The attention being paid to this form of literacy is well deserved and can easily be understood within the context of experiential learning (Dewey, 1958), and cross-disciplinary study (Eisner, 1996). When the art of writing is combined with the art of the moving picture, teachers and students experience a "clarity and complexity which neither alone could attain" (Murata, 19, p. 46). Because the arts have been documented as a means to "expanding our understanding of the world" (Albers, 1997, p. 94), we can combine them in ways that bring our students into new understandings for many years to come. The broadening of our concepts of meaning making has been heralded in the work of Eisner (1978), Goodman (1978), Barghoff (1995), Harste, Woodard and Burke (1984], Siegel (1984), and Tseng (1994). These writers and teachers provide the platform on which we can build our work in the writing classroom with pre-college filmmakers and writing skills (Cox, 1984; Burn, 1999; Sinatra, 1990).

Transmediation

According to Albers (1997) transmediation is a way in which students demonstrate their understanding of a particular text through the use of several sign systems. Harste (1994) states that the process is a "strategy learners use to gain new perspectives on their knowing" (p. 31). The experience of making mental negotiations between meaning and text (Dyson, 1991; Myers, 1991; Harste, 1993) is key to the success of this approach to filmmaking as one of the starting places of instruction (Harste, 1993). As learners transfer their understanding in one area of study to another field where they are struggling, say text to film composition, they transform problems of communication into challenges that can be positive learning experiences (Harste, 1993).

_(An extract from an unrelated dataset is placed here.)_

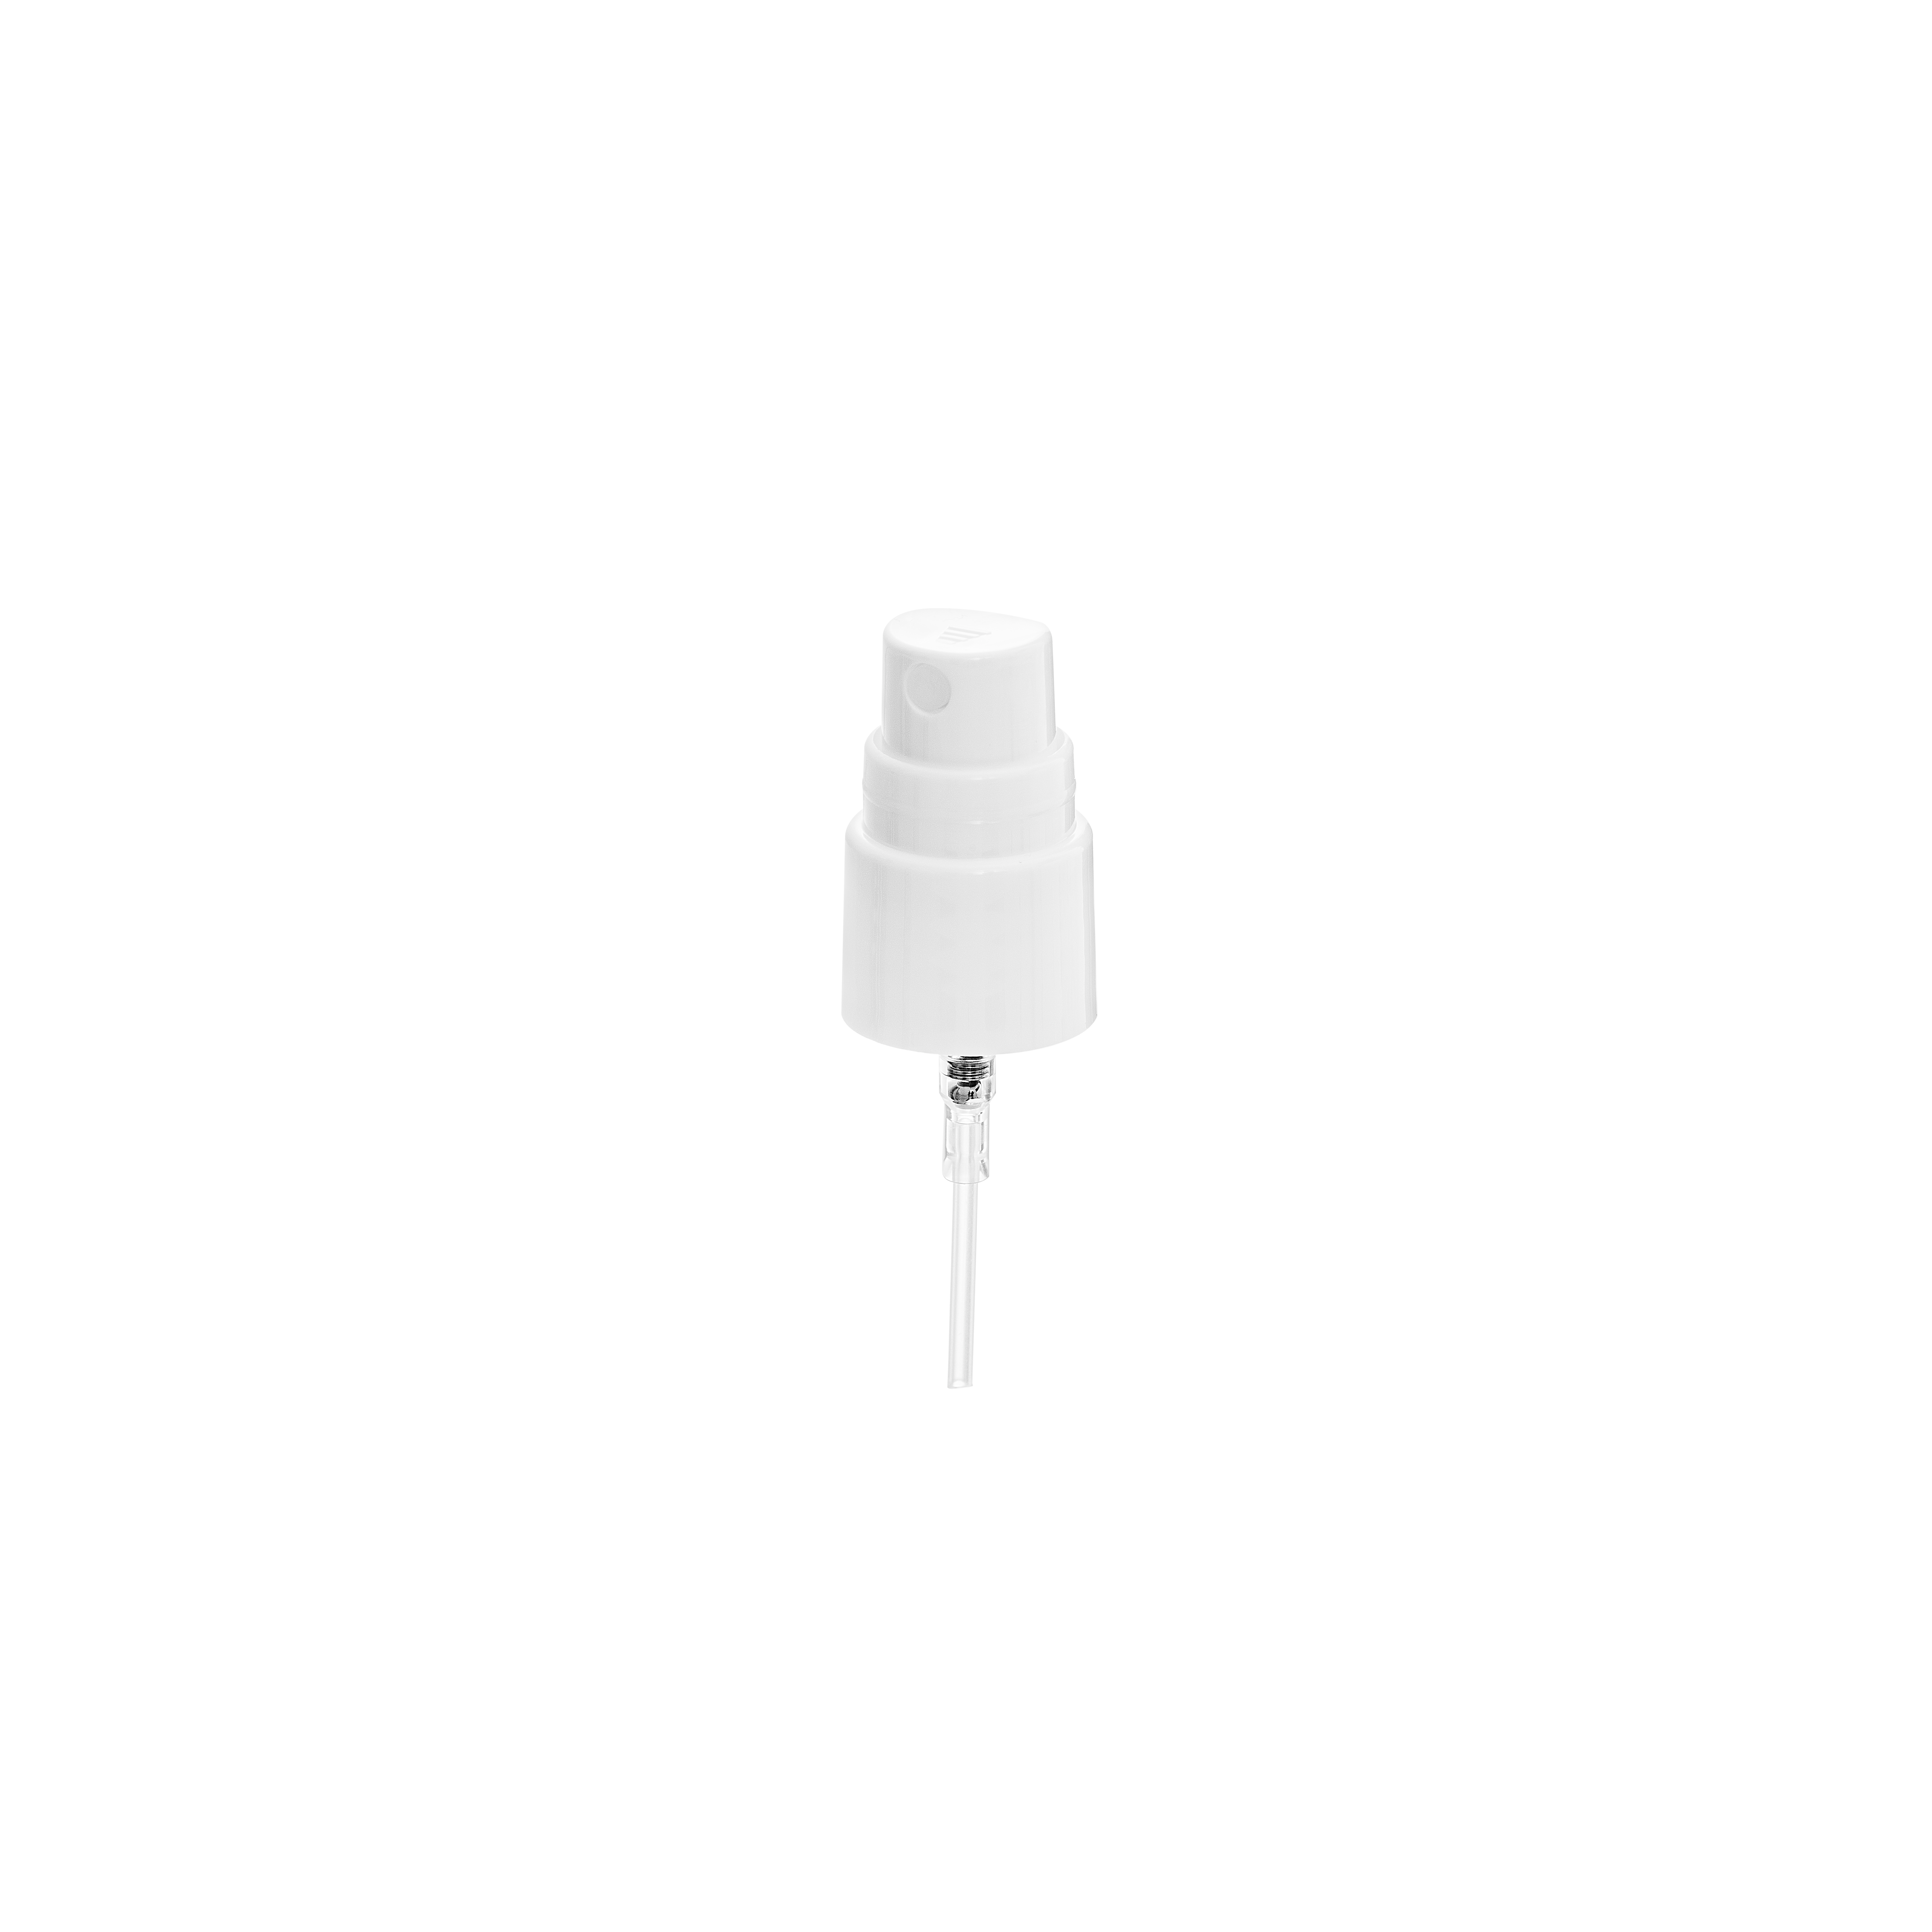 Mist sprayer Sinfonia, 24/410, PP, white, glossy finish, dose 0.19 ml, with white overcap for Linden 237 ml

In an effort to see how exactly this process of transmediation worked with teenagers in CBFA, a "filmmaking academy", we documented the progress of the young filmmakers from the first through the fifth week of their training. The research team then interviewed the students a year after the screening of their first films at an assembly for all the participants. Based on the comments from the CBFA program and the parents of the students, the film students were found to be quite adept at the creation of a non-written expression of their written film scripts (Eco, 1997; Harste, 1993; Siegel, 1997). …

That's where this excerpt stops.